Daily output: We write pieces, we do investigations, we do both long and short form stories. It’s partially an execution area. We are not as robust and staffed in high quality writers as I’d like us to be. The perception is that people don’t necessarily think about going to CNN for that kind of reportage. We’re not going to push that messaging hard until we have a product that we believe in. The fact is, 8 to 10 million people come to CNN.com everyday. Over the long haul, I am really interested in what is going to happen to the television when the Internet connects to it. I do believe CNN will be very uniquely positioned to take advantage of that change. We create all of our reporting…we do all of reporting in first position. We do not have AP or Reuters. If you think of your television screen as a giant computer screen…there’s so many possibilities there. That’s kind of my long term geek passion. Sites you go to regularly: I am a huge fan of New York Magazine. And I feel like what Adam Moss did was to make it edgy, interesting, and culturally influential while still being up on news makes it a must read. I am a big fan of The Daily Beast and the Beast is absolutely in my diet. Bleacher Report, ESPN. In general I have a deep reverence and respect for the New York Times, except for Tuesdays when they focus on Science. I love the LA Times as I lived in LA for almost 10 years. They go deep into the entertainment business.
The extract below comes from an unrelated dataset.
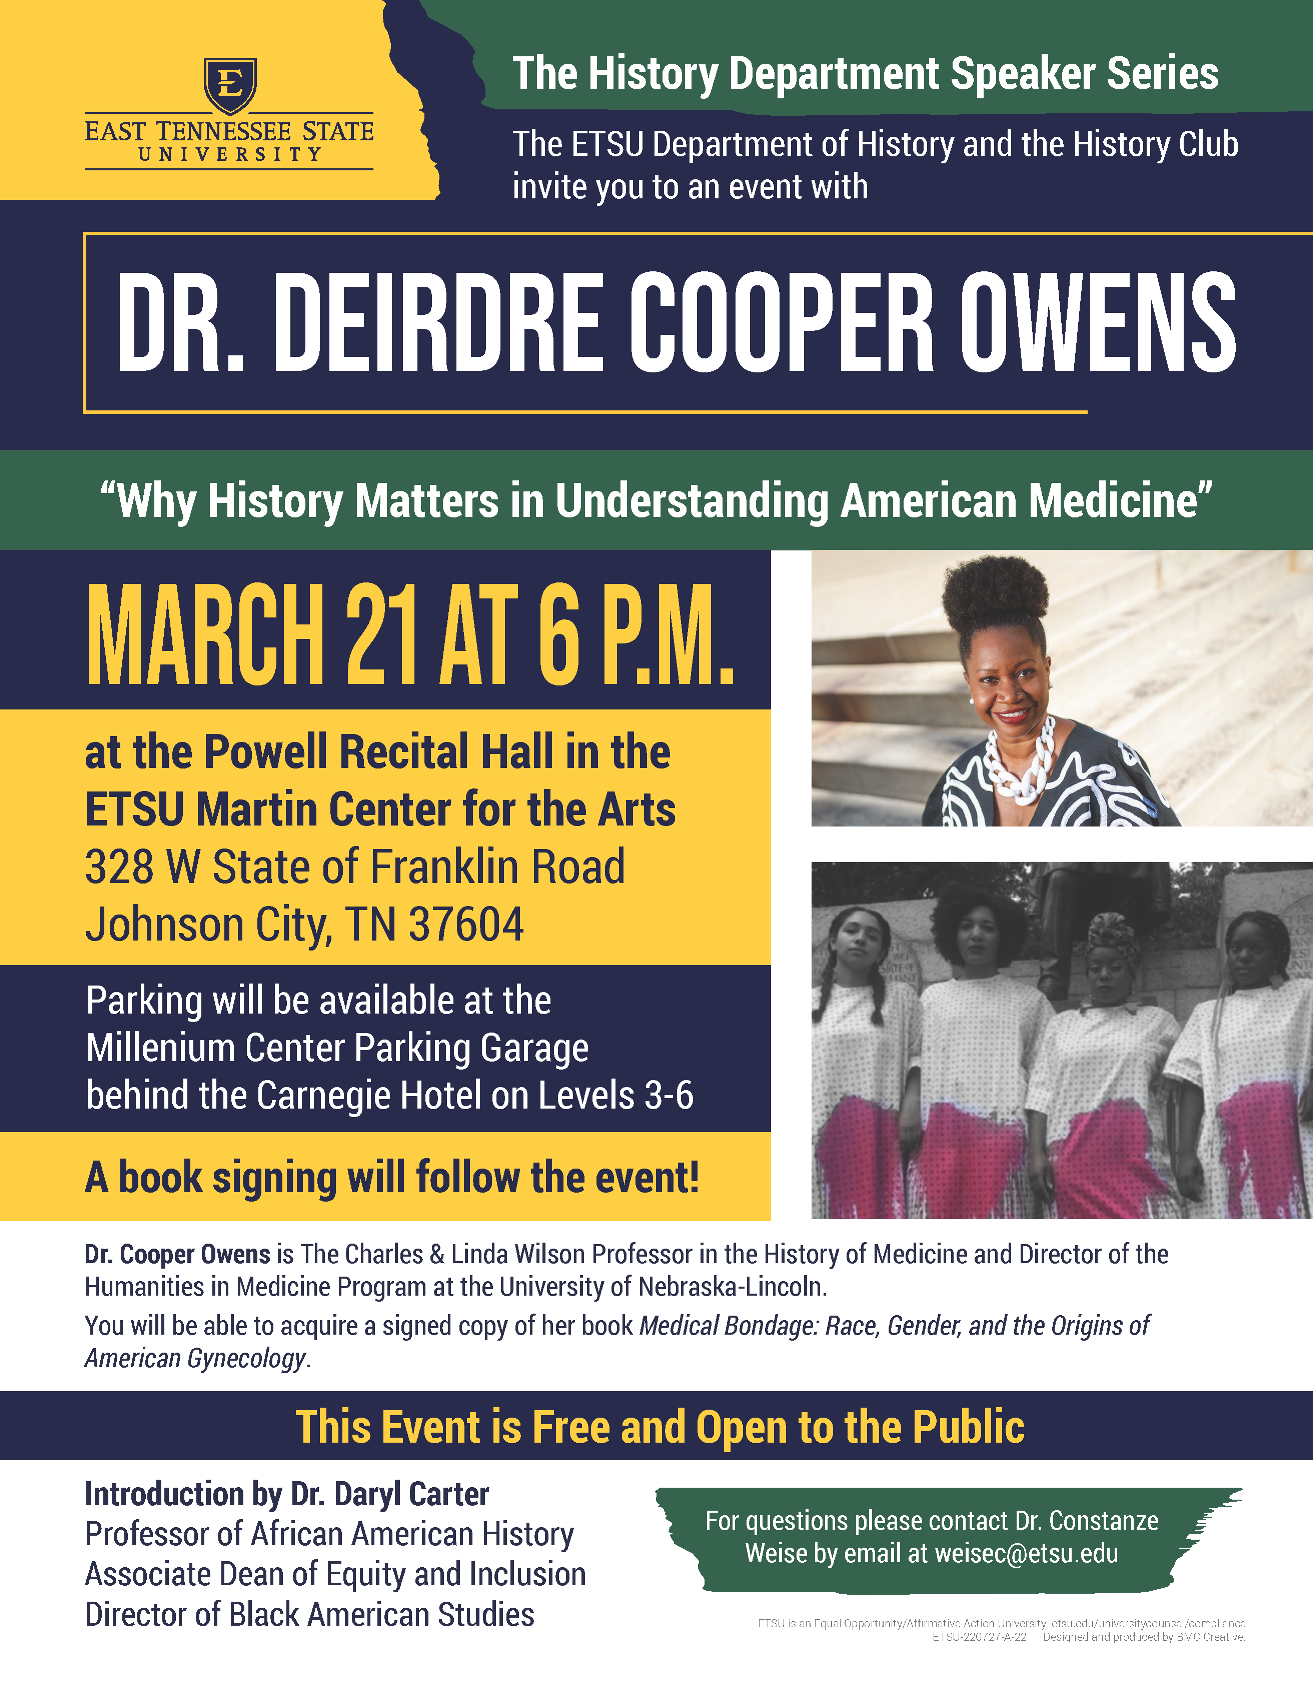 Dr. Deidre Cooper Owens Event Flyer with details in the comments above.

The reboot of The Hollywood Reporter is also strong. I do not read Roll Call.
Where are you on commenters? Should any and all be allowed? Community commenting is an important part of every news site and we love our audience at CNN. I do believe, however, that if you want to participate in the discussion, you should have to use your true identity. A few years ago, that wasn’t technically feasible, but by implementing cross-registration with Facebook and Twitter and Google+, that aspiration is becoming easier for us to implement. It’s amazing how the quality of discourse rises when everyone commenting knows who they are chatting with. What is your typical day? I start every morning with my cell phone in my hand–reading through our internal briefing notes and catching up on the overnight news through CNNi.com. I’m a coffee geek, so I’m using brewing a pour-over cup in my Chemex or pulling a shot (or three) of Espresso while I listen to NPR. I would be the saddest American if I couldn’t have my coffee over NPR every morning. If you could implement one new idea right now onto CNN.com what would it be? I would make our television network totally interactive. As the Internet comes to the television, the whole paradigm of watching that giant screen is going to change radically. I can’t wait for that day.